In advanced epithelial ovarian cancer (AOC), lesser sac (LS) metastasis particularly to the supragastric LS (SGLS) may be overlooked, resulting in unrecognized residual disease. We aimed to identify the frequency, distribution, and predictors of LS metastasis using laparoscopic evaluation at laparotomy and perioperative surgical complications associated with evaluation and resection/ablation.

Methods

Prospective observational study in consecutive patients with AOC undergoing laparotomy for primary or interval cytoreductive surgery in 2 centers between November 2013 and December 2016.

Results

Of 182 AOC patients undergoing laparotomy, 150 were eligible for metastasis distribution analysis; 96/150 (64%) had LS metastasis with 90/150 (60%) involving the SGLS, including lesser omentum (47.3%), floor (42%), upper recess (24.6%), and caudate lobe (22.6%), with 62/90 (68.8%) being less than 1 cm in dimension.

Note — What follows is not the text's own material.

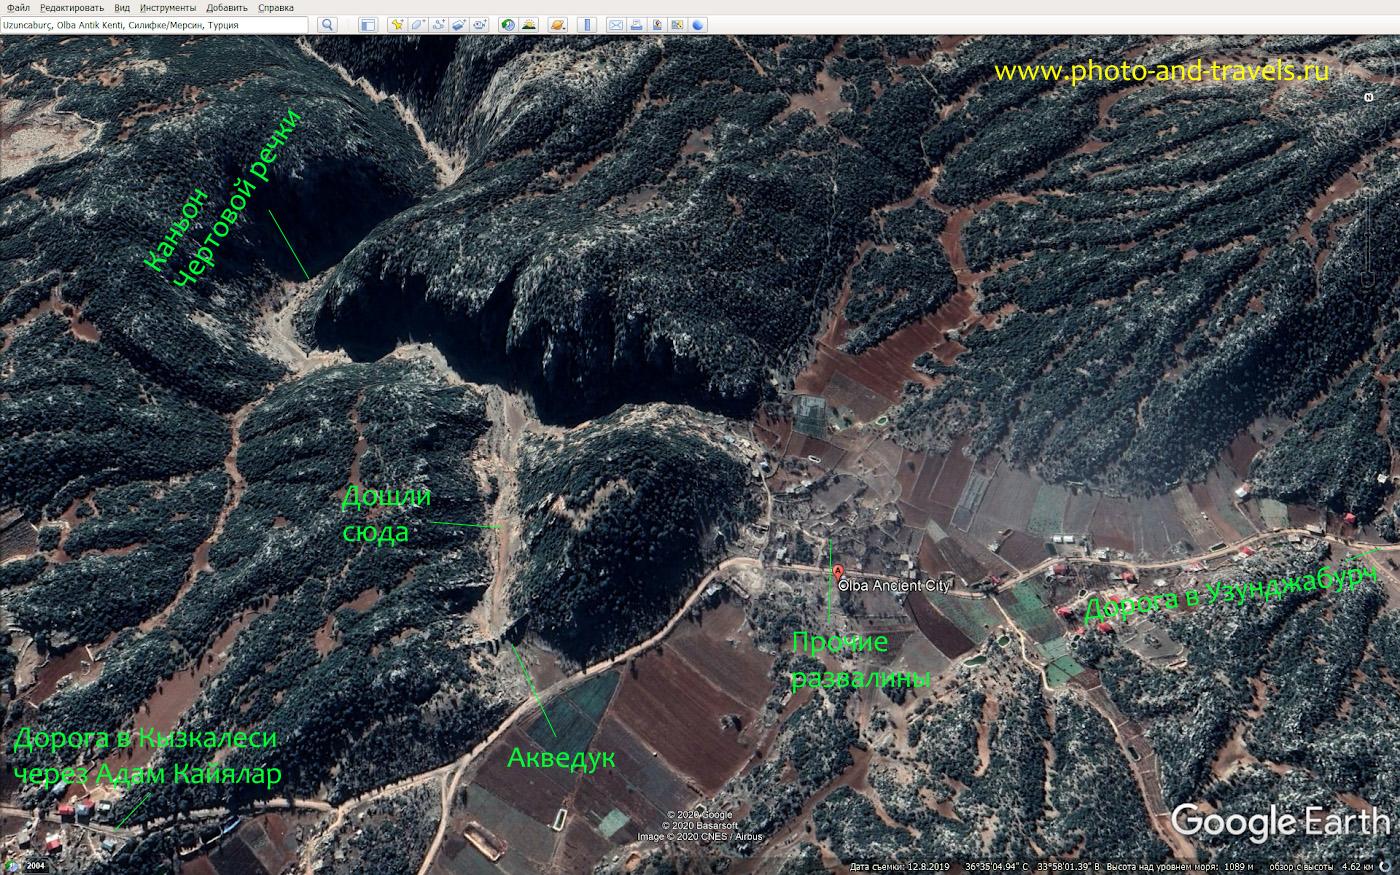 11. Карта со схемой расположения каньона, акведука и руин Ольбы.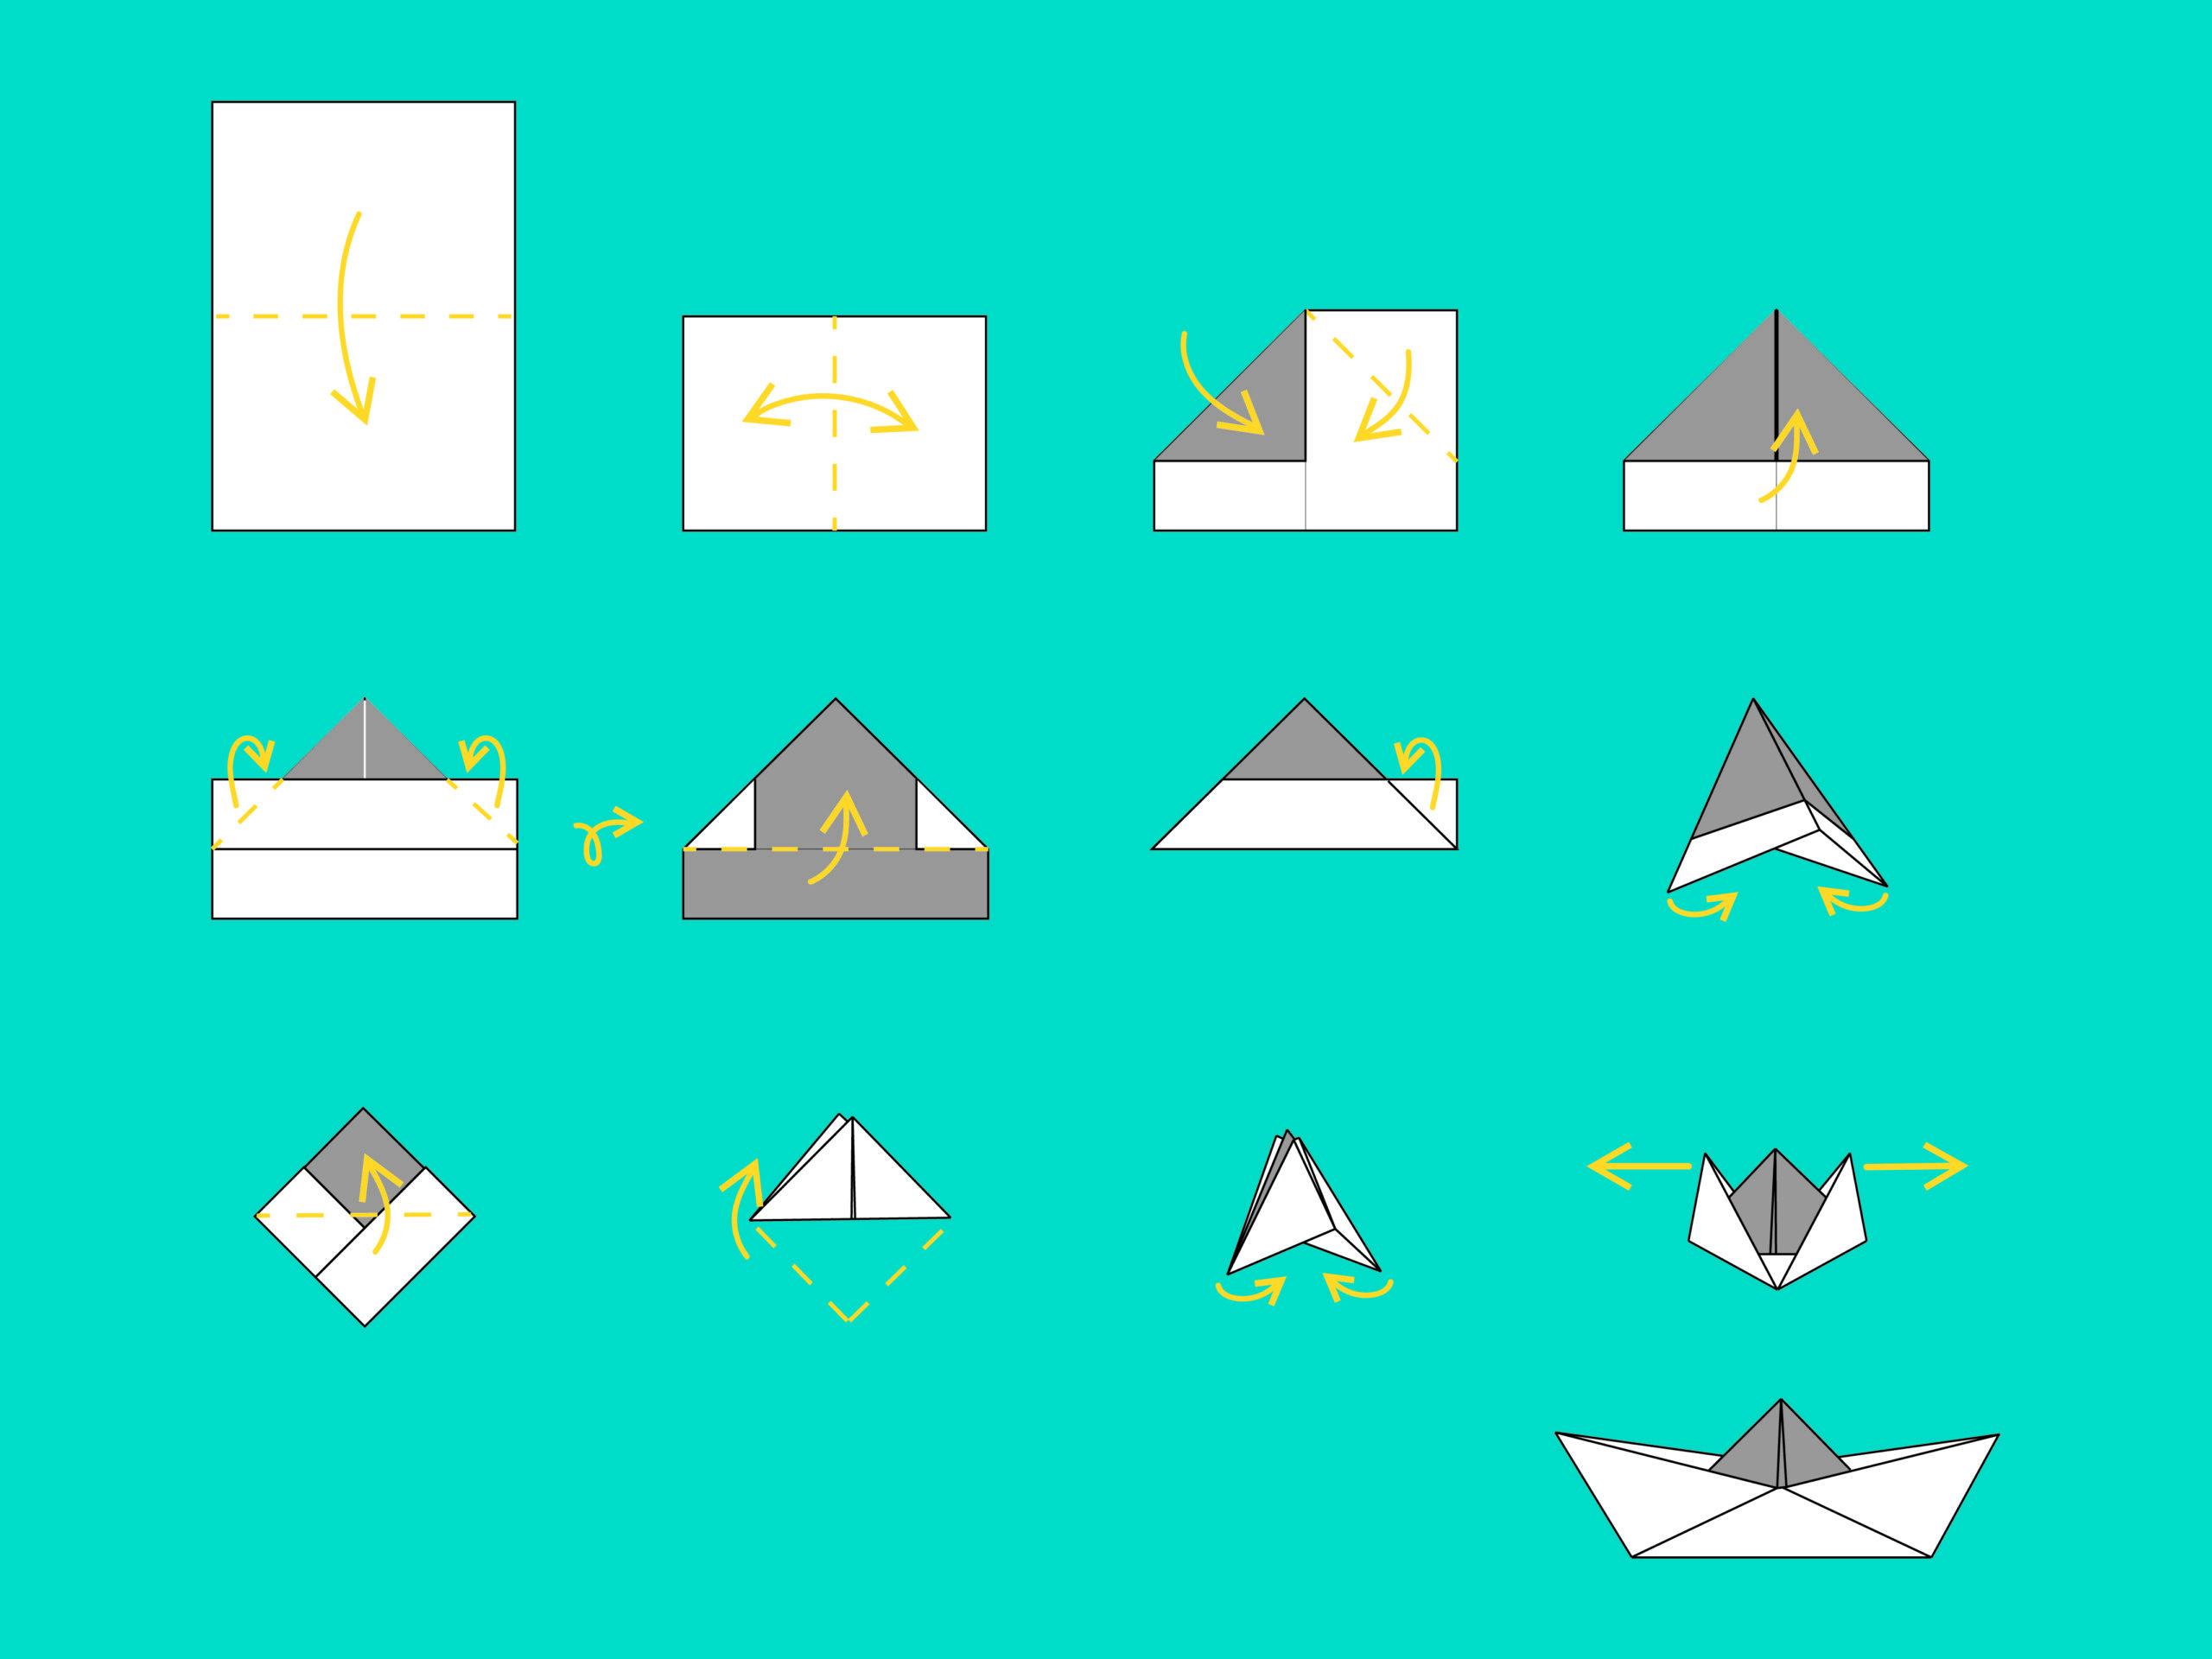 Instrukcja graficzna wykonania łódki zpapieru.

Of 144 undergoing cytoreductive surgery, 92 (64%) had LS metastasis, which was completely resected/ablated in 77/92 (83.6%).

Results

The strongest multivariate predictors of LS metastasis were involvement of Morison pouch (P < 0.001) and peritoneal cancer index of 17 or greater (P < 0.001). The LS metastasis was significantly associated with diaphragmatic surgery (84% vs 54%), cholecystectomy (33% vs 2%), splenectomy (50% vs 14%), retroperitoneal nodal metastasis (75% vs 49%), and surgical complexity score of 8 or higher (75% vs 35%). Morbidity related to treatment of LS metastasis was minimal.

Conclusions

Lesser sac metastasis and SGLS metastasis are present in almost two thirds of cases of AOC and often small in size. Systematic exploration is necessary to detect and treat metastases to LS to prevent unrecognized incomplete cytoreduction.